Pathogenic mtDNA mutations causing mitochondrial myopathy: The need for muscle biopsy.
Hardy SA., Blakely EL., Purvis AI., Rocha MC., Ahmed S., Falkous G., Poulton J., Rose MR., O'Mahony O., Bermingham N., Dougan CF., Ng YS., Horvath R., Turnbull DM., Gorman GS., Taylor RW.
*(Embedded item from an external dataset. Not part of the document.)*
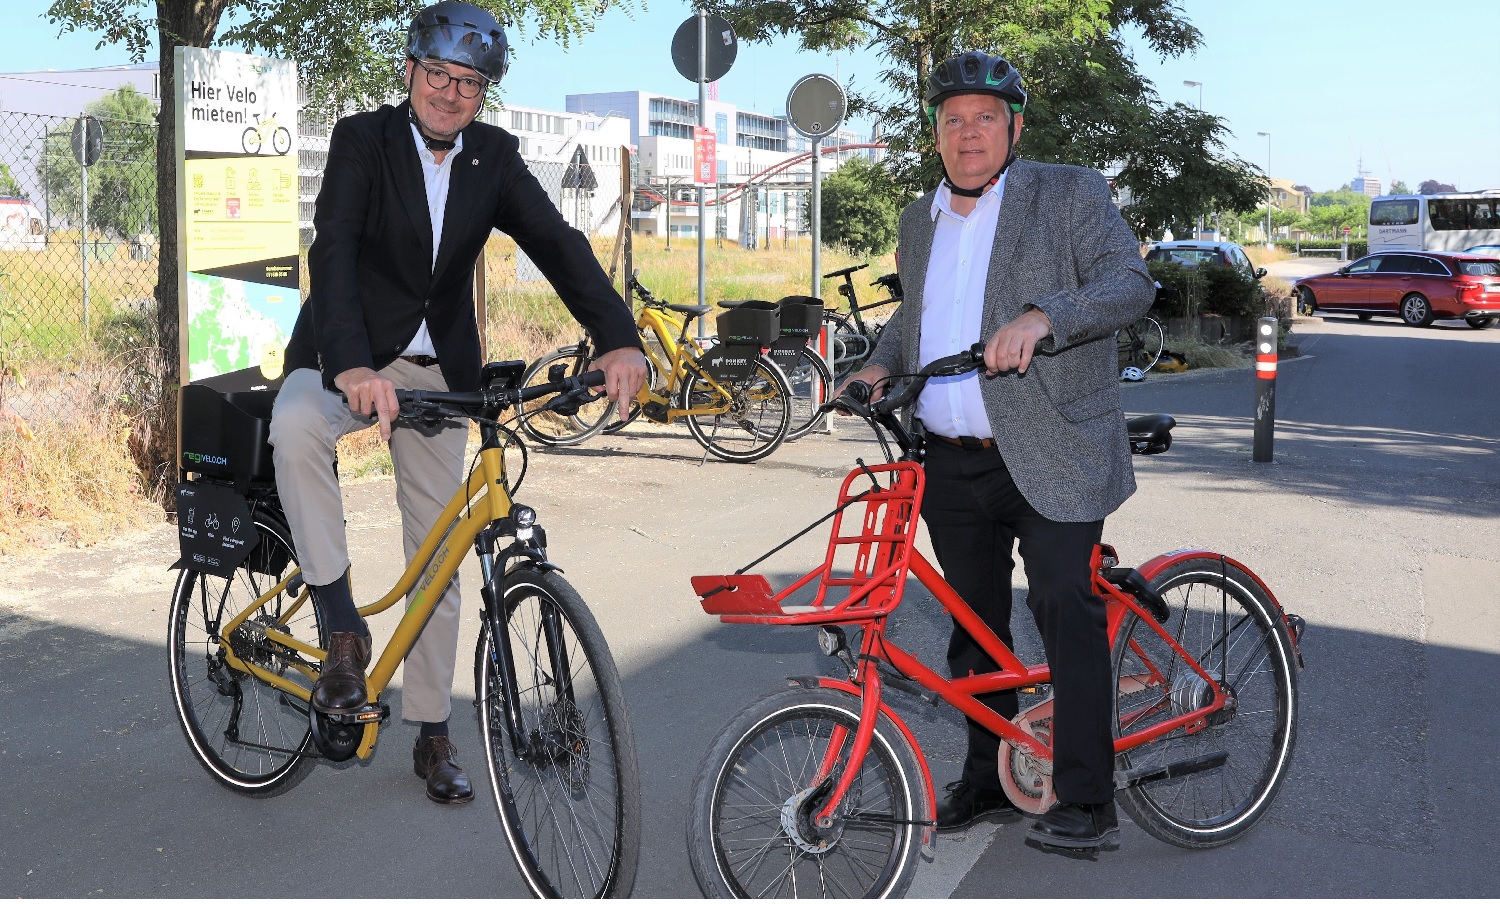 Tauschten an der neuen Mietstation «Grenze Klein Venedig» ihre Fahrräder: der Konstanzer Oberbürgermeister Uli Burchardt und der Kreuzlinger Stadtpräsident Thomas Niederberger.

Pathogenic mitochondrial tRNA (mt-tRNA) gene mutations represent a prominent cause of primary mitochondrial DNA (mtDNA)-related disease despite accounting for only 5%-10% of the mitochondrial genome.(1,2) Although some common mt-tRNA mutations, such as the m.3243A>G mutation, exist, the majority are rare and have been reported in only a small number of cases.(3) The MT-TP gene, encoding mt-tRNA(Pro), is one of the less polymorphic mt-tRNA genes, and only 5 MT-TP mutations have been reported as a cause of mitochondrial muscle disease to date (table e-1 at Neurology.org/ng, P6-10). We report 5 patients with myopathic phenotypes, each harboring different pathogenic mutations in the MT-TP gene, highlighting the importance of MT-TP mutations as a cause of mitochondrial muscle disease and the requirement to study clinically relevant tissue.